Bill Gates thinks the iPod is a passing fad. He thinks the future belongs to music-playing mobile phones.

If you think about the statement, it really is two statements:

  • Mobile phones will eventually take over playing music from standalone players.
  • Apple will lose that competition.

    The first statement is pretty straightforward, and Mr. Gates is probably quite correct. Why carry two devices when you can carry just one? Such a device might be a little on the heavy/clumsy side today, but innovations like perpendicular hard drives ought to take care of that.
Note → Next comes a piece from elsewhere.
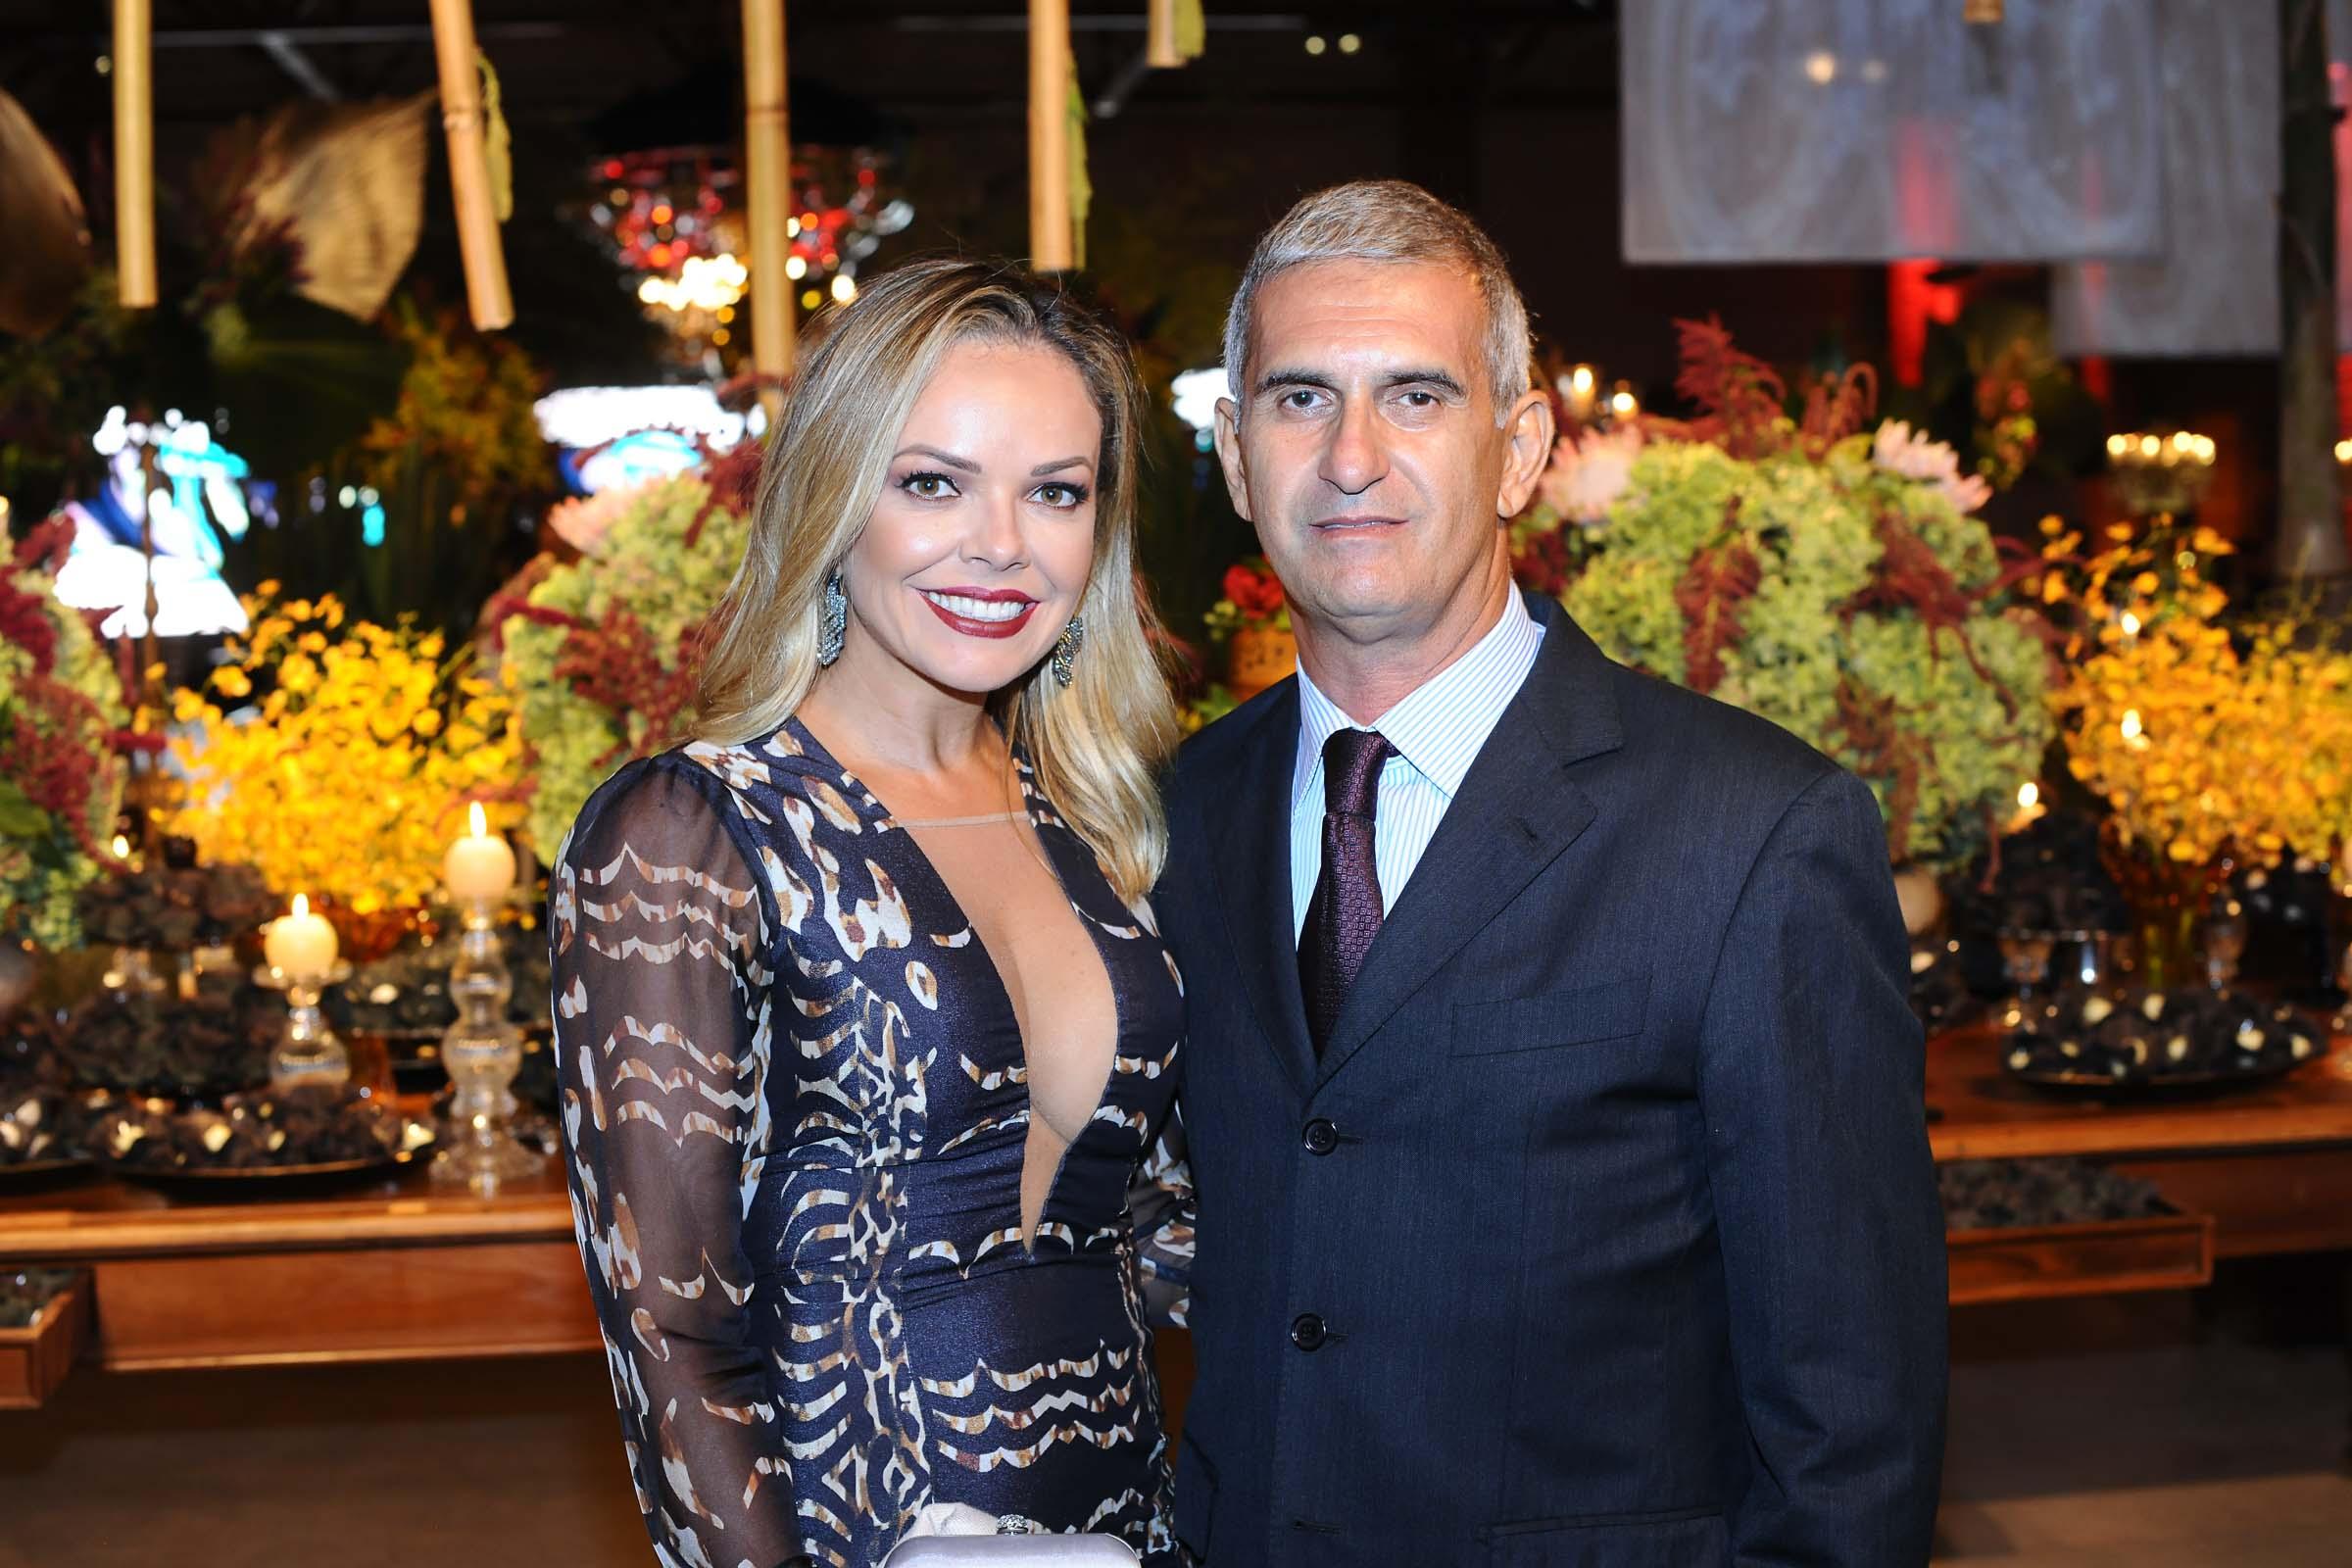 O casal Silvana e Flávio Buainain, presenças queridas nos eventos sociais

    Of course, that doesn’t mean Apple can’t come up with an iPhone in due course, so a shifted format doesn’t condemn Apple.

    Or does it?

    Battle Reenactment

    I don’t know if people do this elsewhere in the world, but at least in the United States, there are people who like to reenact battles, as in getting dressed in Union or Confederate uniforms and refighting the Battle of Gettysburg.

    What does this have to do with Bill Gates and Apple? Well, that’s just what Bill Gates wants to do with Apple again. He wants to refight Little Stevie Jobs again on the same grounds as the PC vs. Mac battle of the Eighties.

    He’s not even trying to hide it, from the link above:

    “You can make parallels with computers. Apple was once very strong in this field, with its Macintosh and its graphical user interface — like the iPod today — and then lost its position.”

    This is trash-talking without the trash. I (use any slangish synonum or phrase for “beat”) you before and I’m going to (repeat earlier insturction) you again, and you can’t stop me.

    I wonder if Little Stevie is now going to ban Microsoft books from the Apple Store, too.

    Well, is this history repeating itself?

  • Microsoft is trying to make arrangements with mobile phone makers left and right. At the same time, they’ve certainly have made sure that non-iPod music players will play WMA files.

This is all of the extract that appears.